## [Given material]
"""

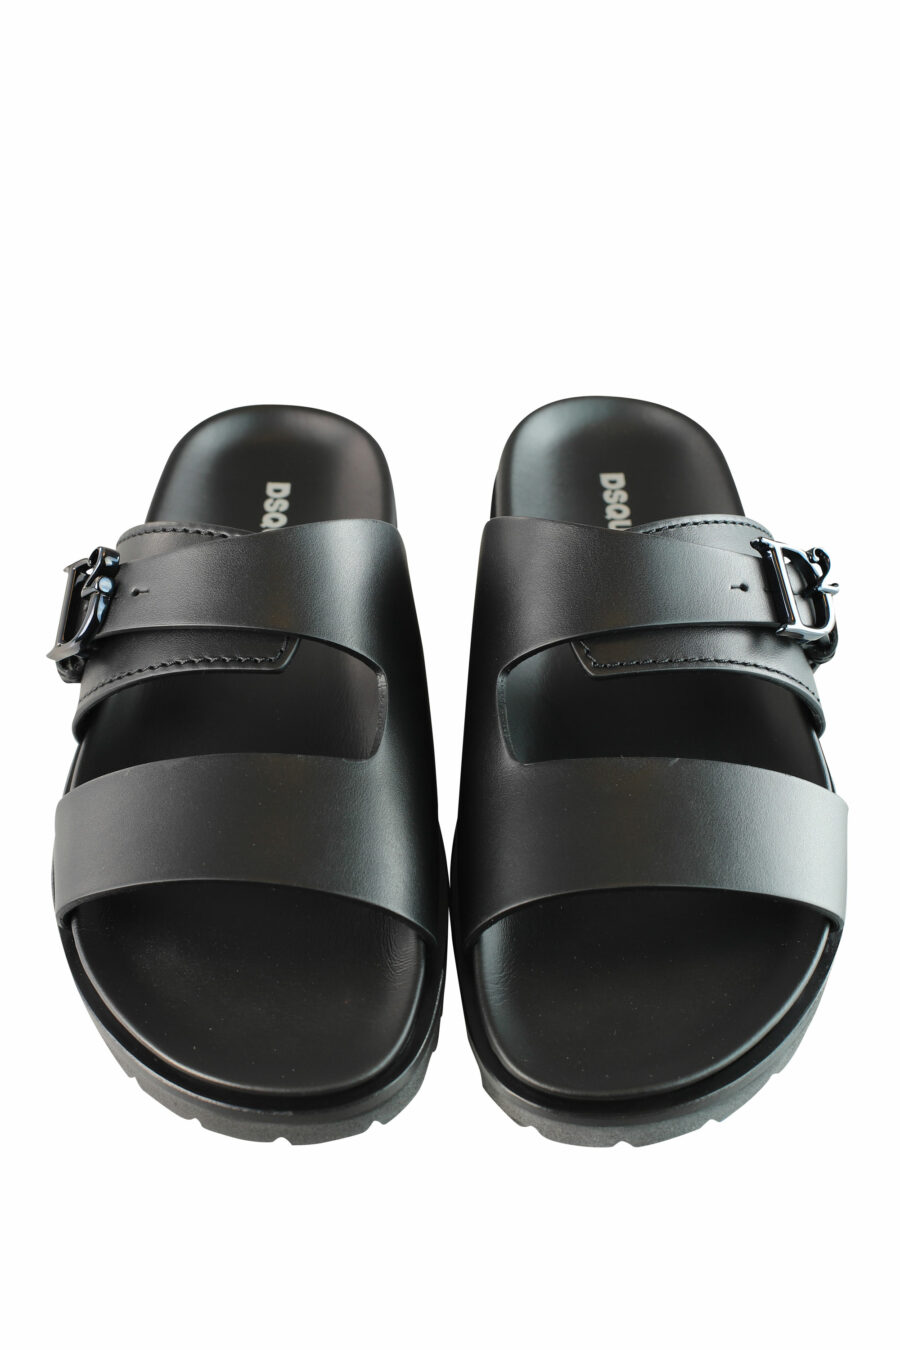 Schwarze Sandalen mit einfarbigem Metall-Logo "D2" - IMG 1290
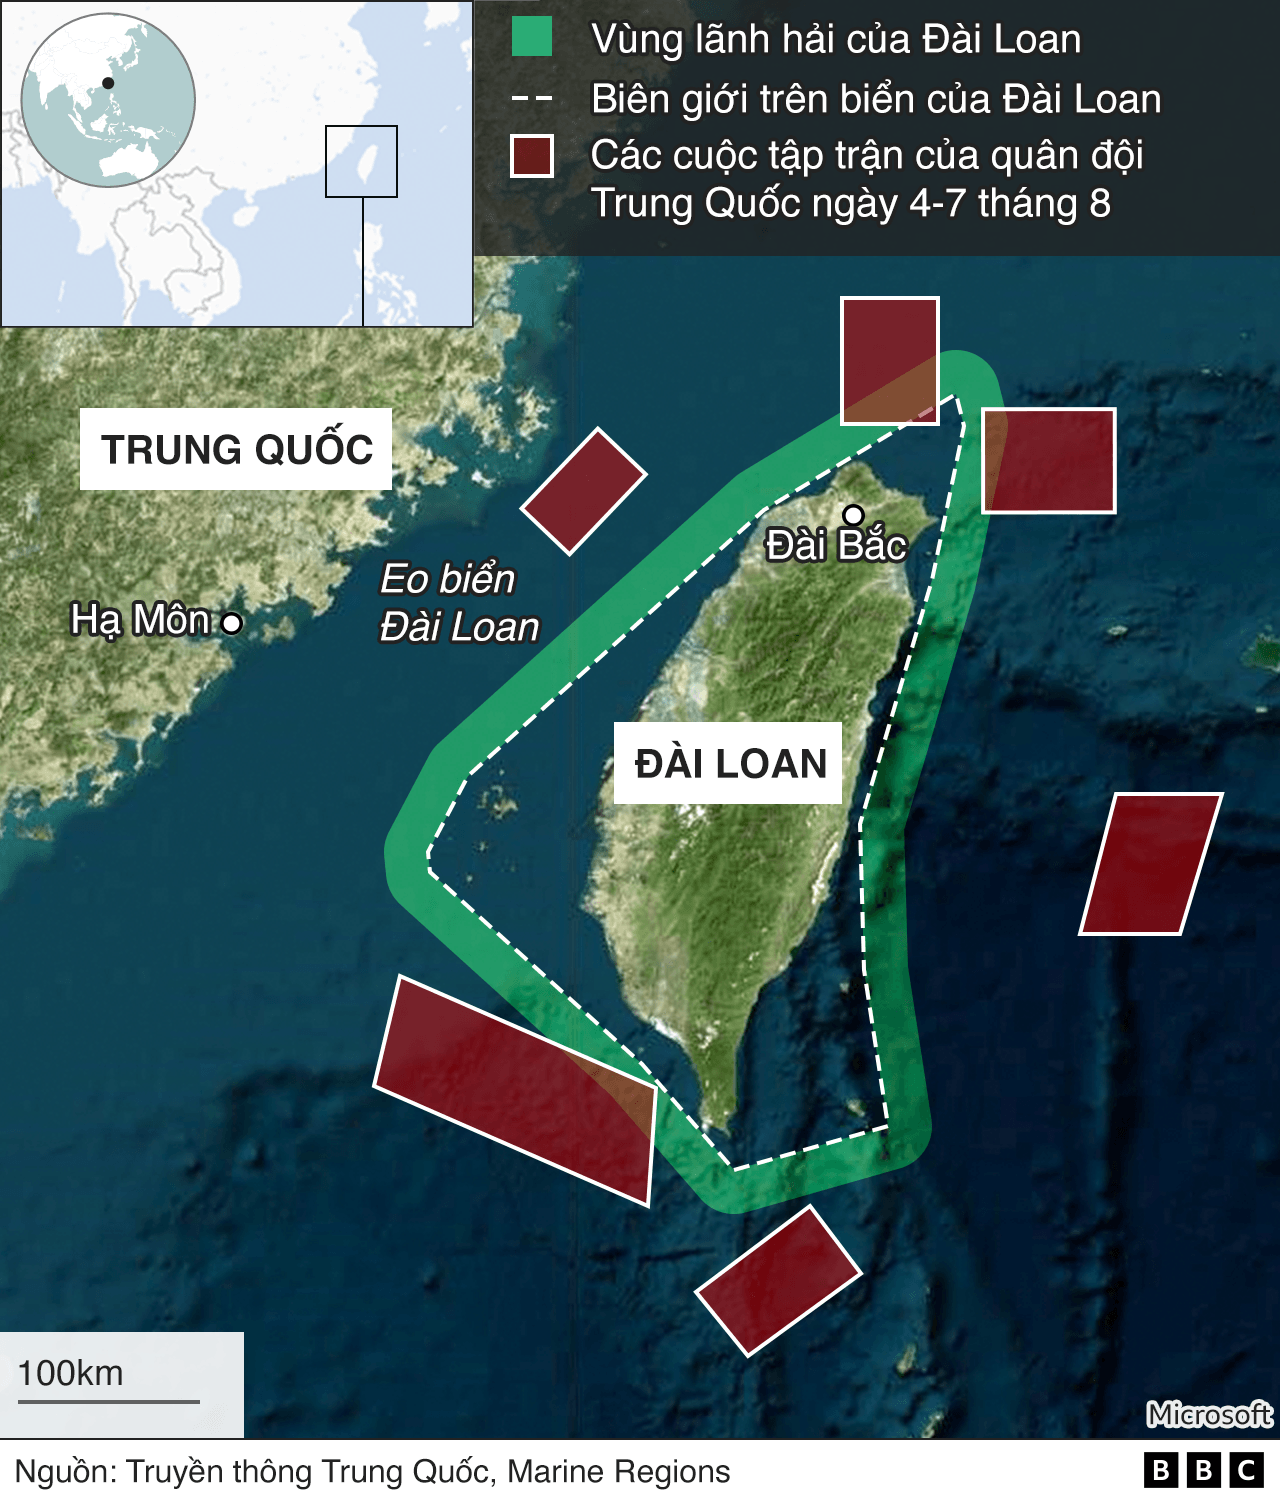 Với tập trận quanh Đài Loan hiện nay, bản đồ trở thành công cụ cần thiết để theo dõi và xác định rõ ràng những hoạt động của quân đội. Nó cũng giúp cho người dân có thể biết được những khu vực cần tránh để giữ an toàn cho mình.
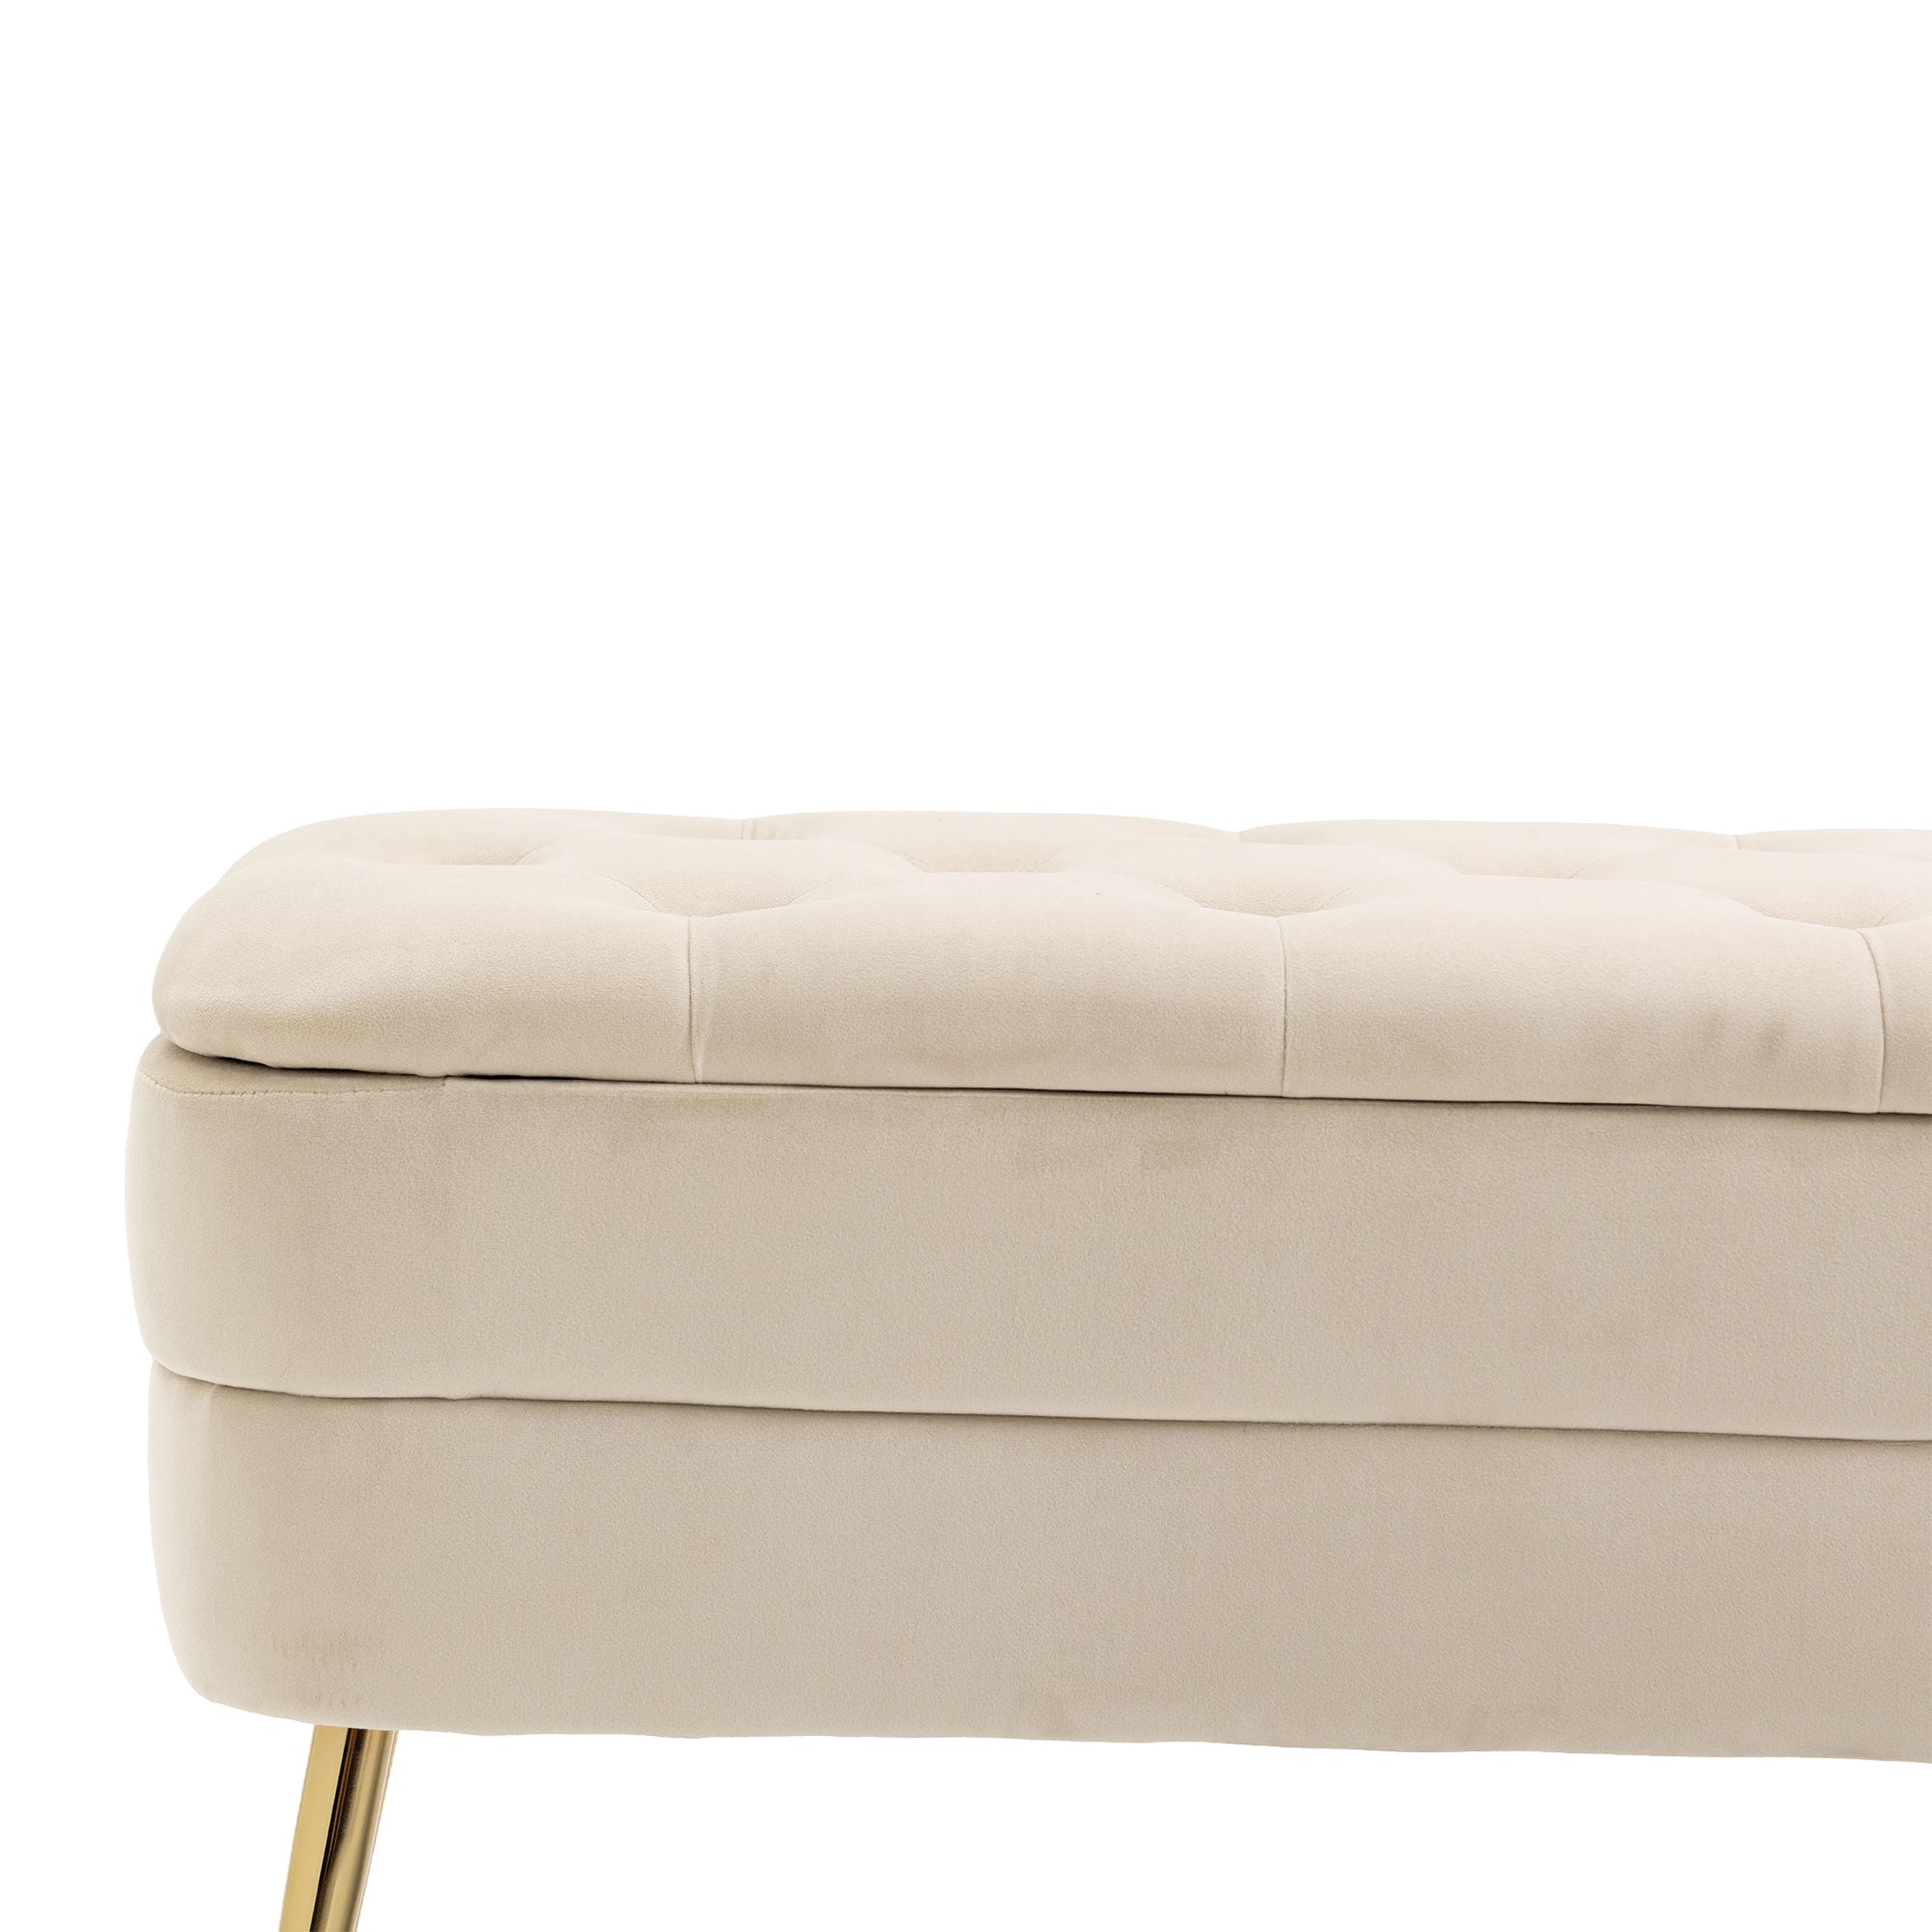 COOLMORE Storage Ottoman,Bedroom End Bench,Upholstered beige-velvet
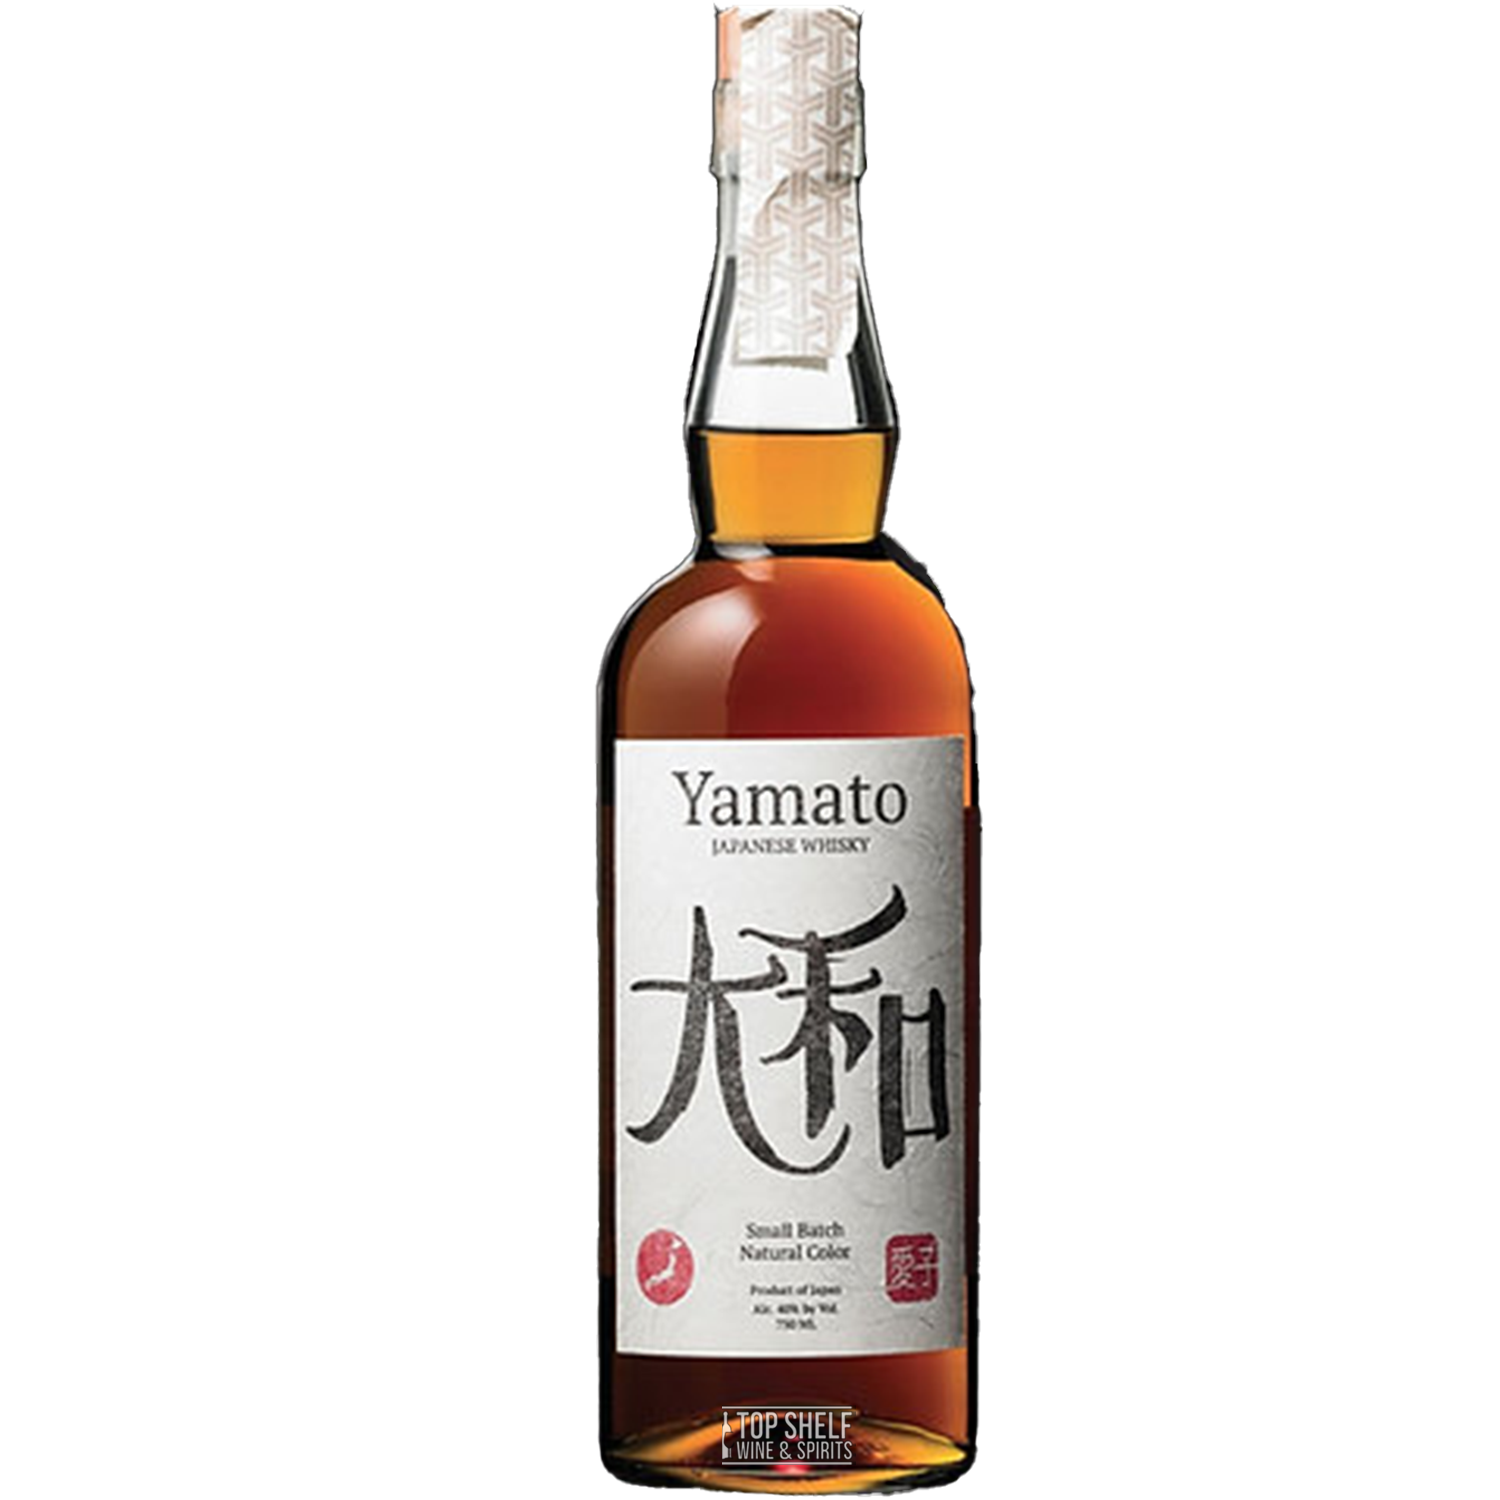 Yamato Mizunara Small Batch Japanese Whisky

"""

Write out everything in the data word for word. Omit each picture.

 Schwarze Sandalen mit einfarbigem Metall-Logo "D2" - IMG 1290
 Với tập trận quanh Đài Loan hiện nay, bản đồ trở thành công cụ cần thiết để theo dõi và xác định rõ ràng những hoạt động của quân đội. Nó cũng giúp cho người dân có thể biết được những khu vực cần tránh để giữ an toàn cho mình.
 COOLMORE Storage Ottoman,Bedroom End Bench,Upholstered beige-velvet
 Yamato Mizunara Small Batch Japanese Whisky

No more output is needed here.